What to do
The required copy runs from the first line of the material through the line containing "Cool Sea Turtles", exactly as written and without pictures.

Dataset extract

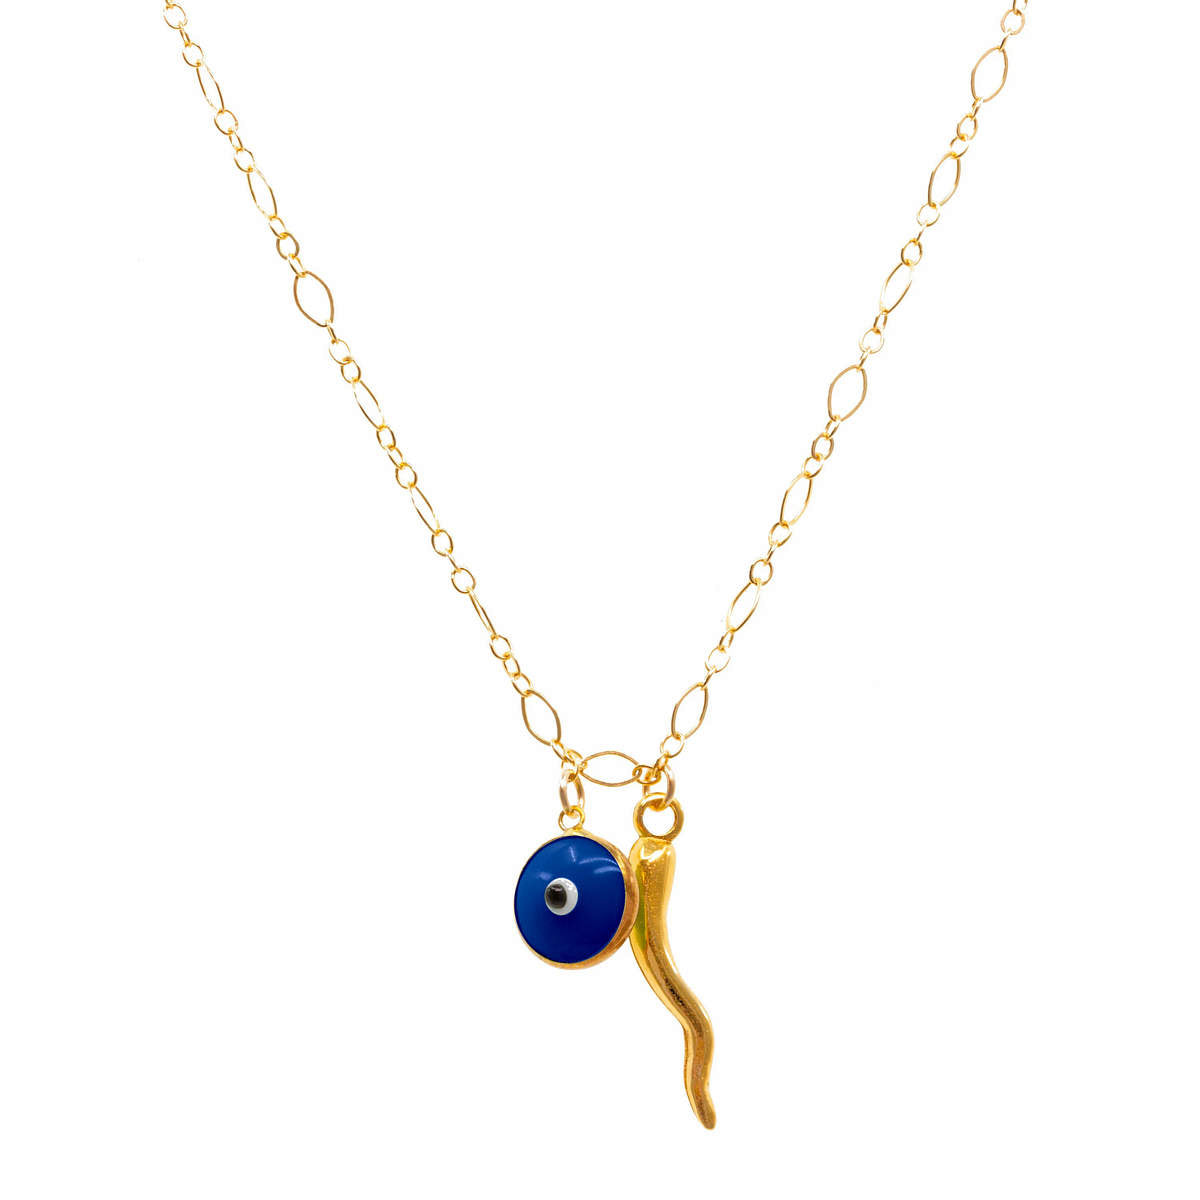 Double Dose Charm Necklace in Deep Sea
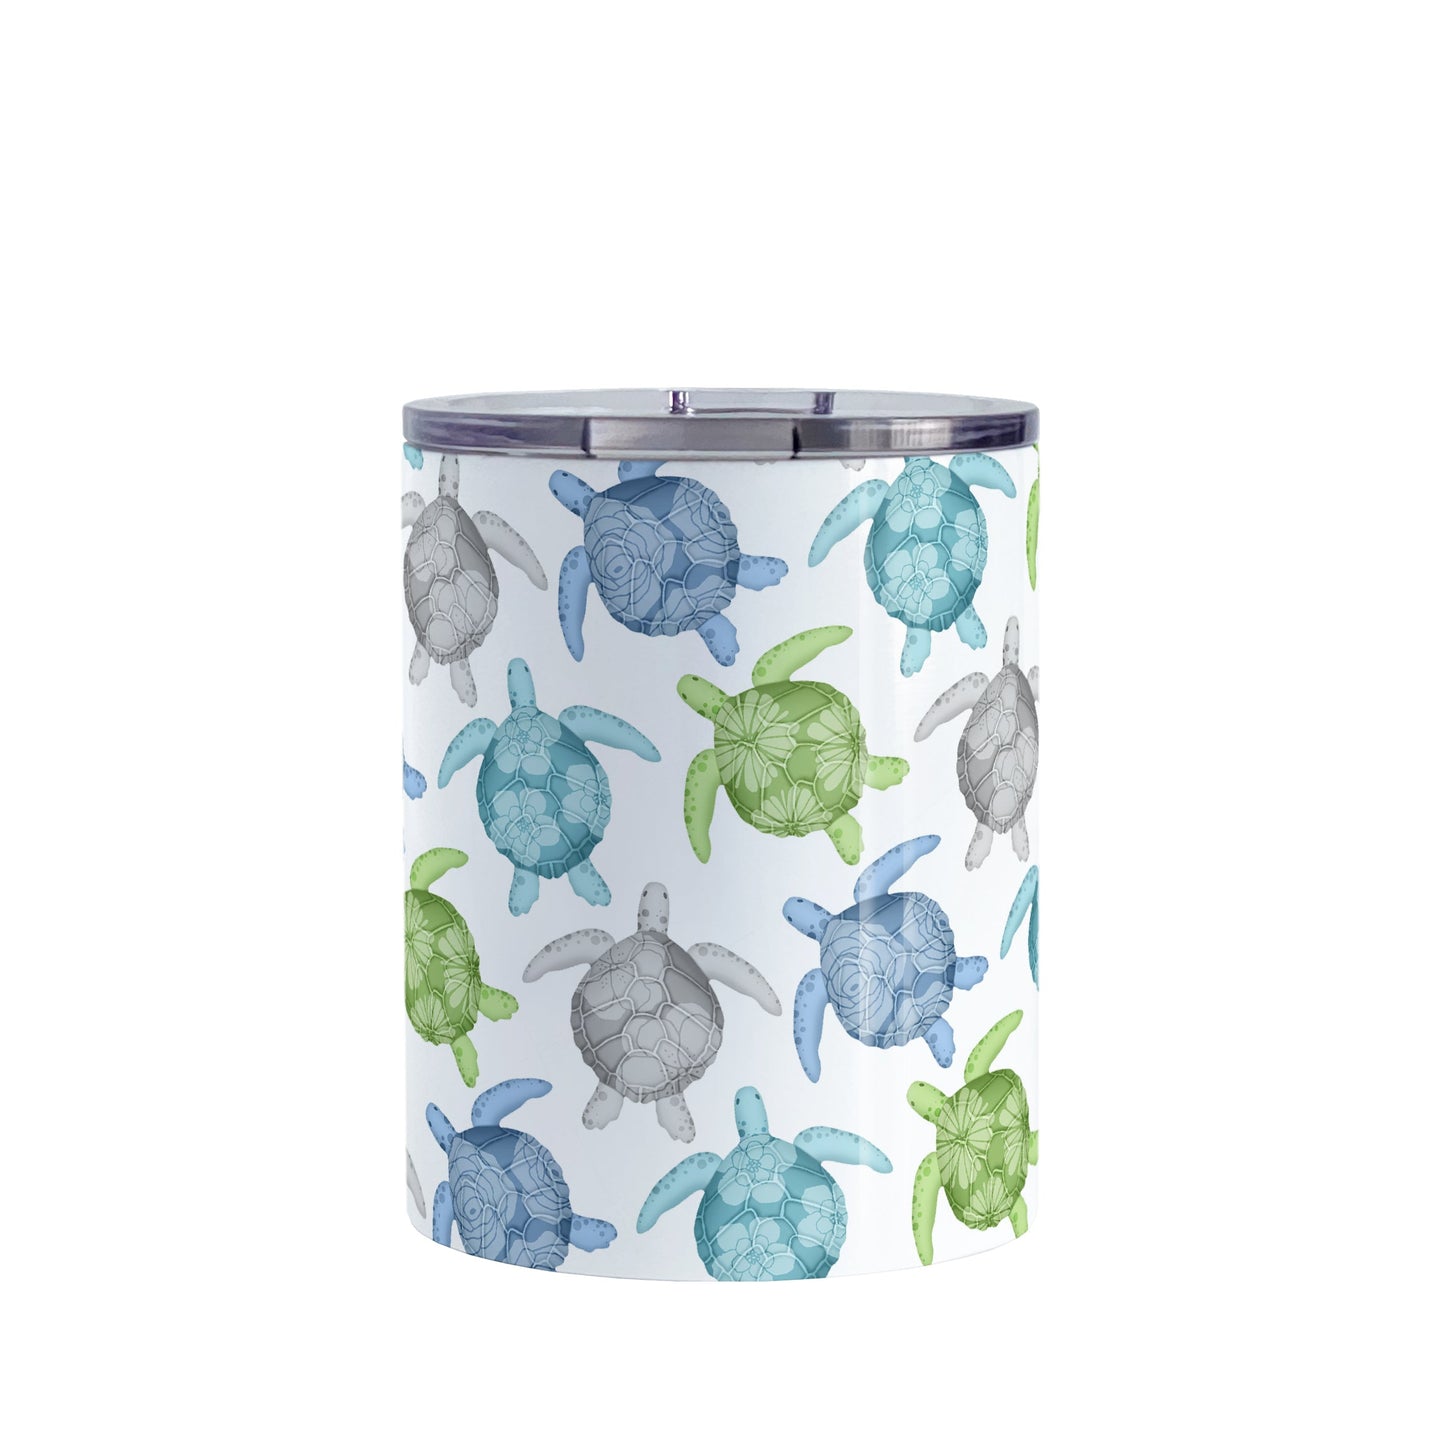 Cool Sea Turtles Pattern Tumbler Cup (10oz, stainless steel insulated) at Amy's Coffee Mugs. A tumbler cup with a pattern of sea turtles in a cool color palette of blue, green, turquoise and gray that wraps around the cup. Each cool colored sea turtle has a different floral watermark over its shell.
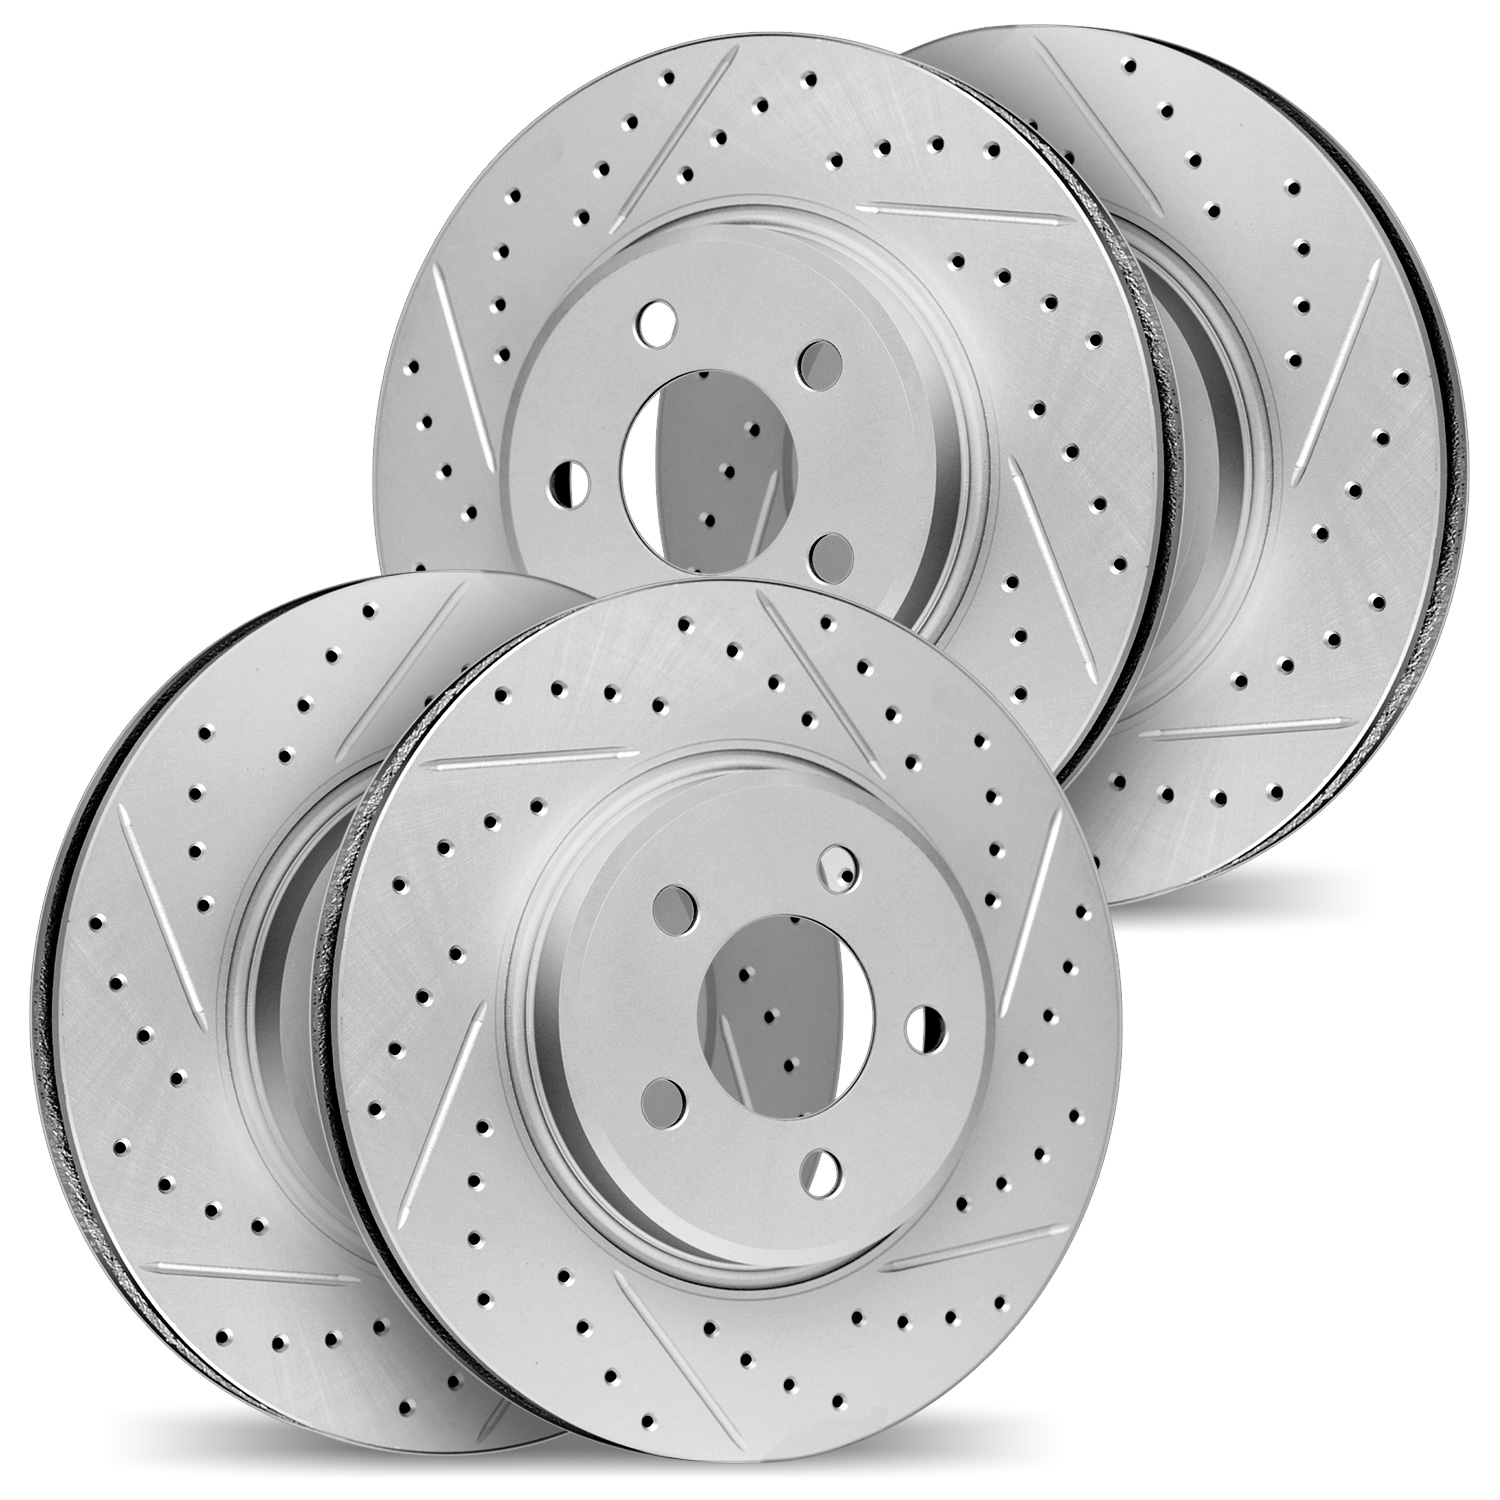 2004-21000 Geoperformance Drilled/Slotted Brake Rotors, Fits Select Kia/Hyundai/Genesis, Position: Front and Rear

Task result
 Double Dose Charm Necklace in Deep Sea
 Cool Sea Turtles Pattern Tumbler Cup (10oz, stainless steel insulated) at Amy's Coffee Mugs. A tumbler cup with a pattern of sea turtles in a cool color palette of blue, green, turquoise and gray that wraps around the cup. Each cool colored sea turtle has a different floral watermark over its shell.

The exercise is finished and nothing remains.